The task
Return the lines of the listing below exactly as they appear, beginning at the one with "Klairs | Freshly Juiced Vitamin E Mask" and stopping after the one with "Radio Show Logo - Radio"; do not include pictures.

Task inputs: Begin

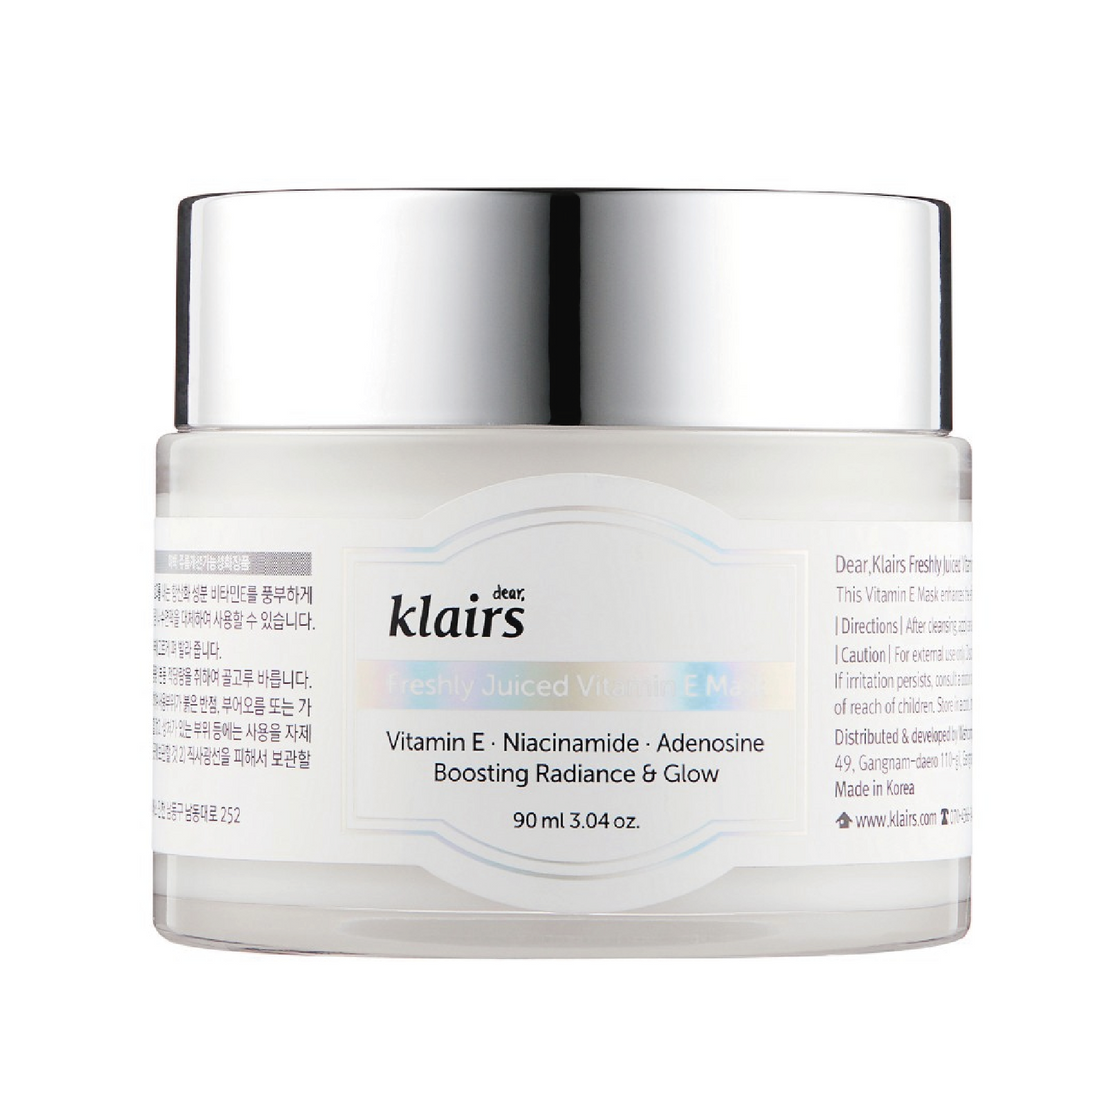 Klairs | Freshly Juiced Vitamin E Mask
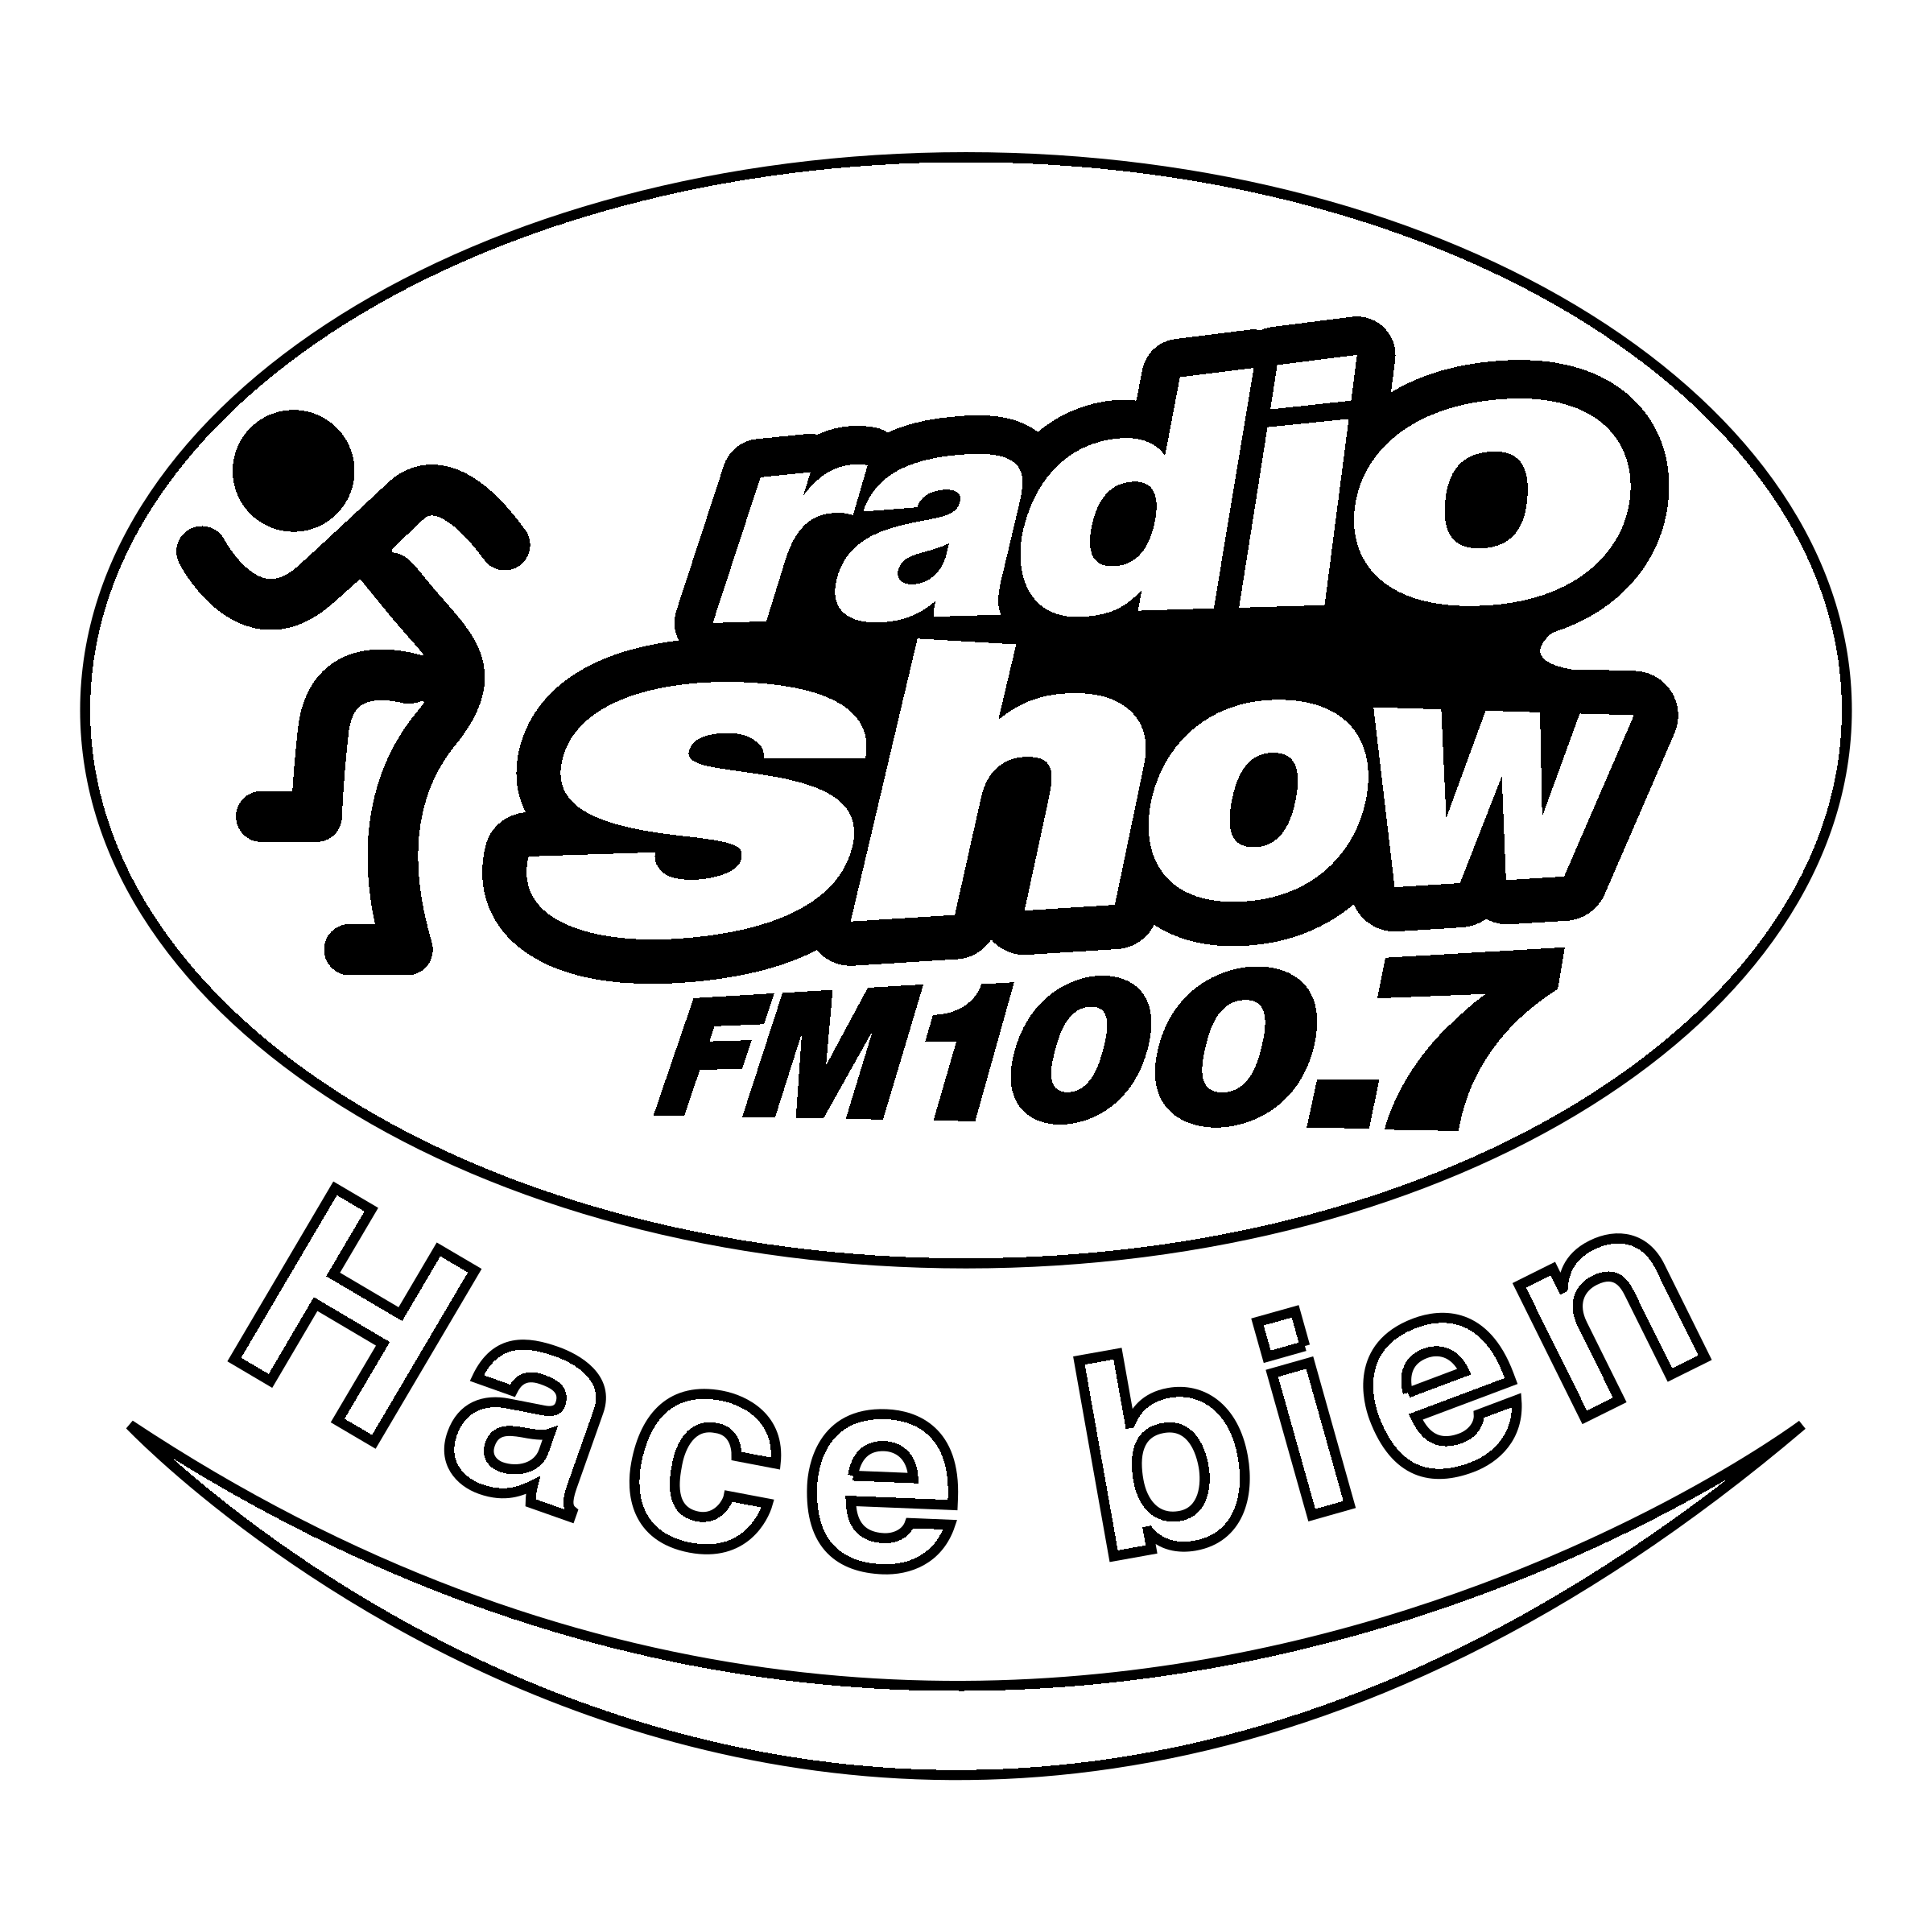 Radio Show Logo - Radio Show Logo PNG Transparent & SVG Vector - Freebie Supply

Task inputs: End
Task inputs: Begin

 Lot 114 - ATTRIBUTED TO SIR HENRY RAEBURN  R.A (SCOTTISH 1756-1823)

Task inputs: End

Solution to this exercise
 Klairs | Freshly Juiced Vitamin E Mask
 Radio Show Logo - Radio Show Logo PNG Transparent & SVG Vector - Freebie Supply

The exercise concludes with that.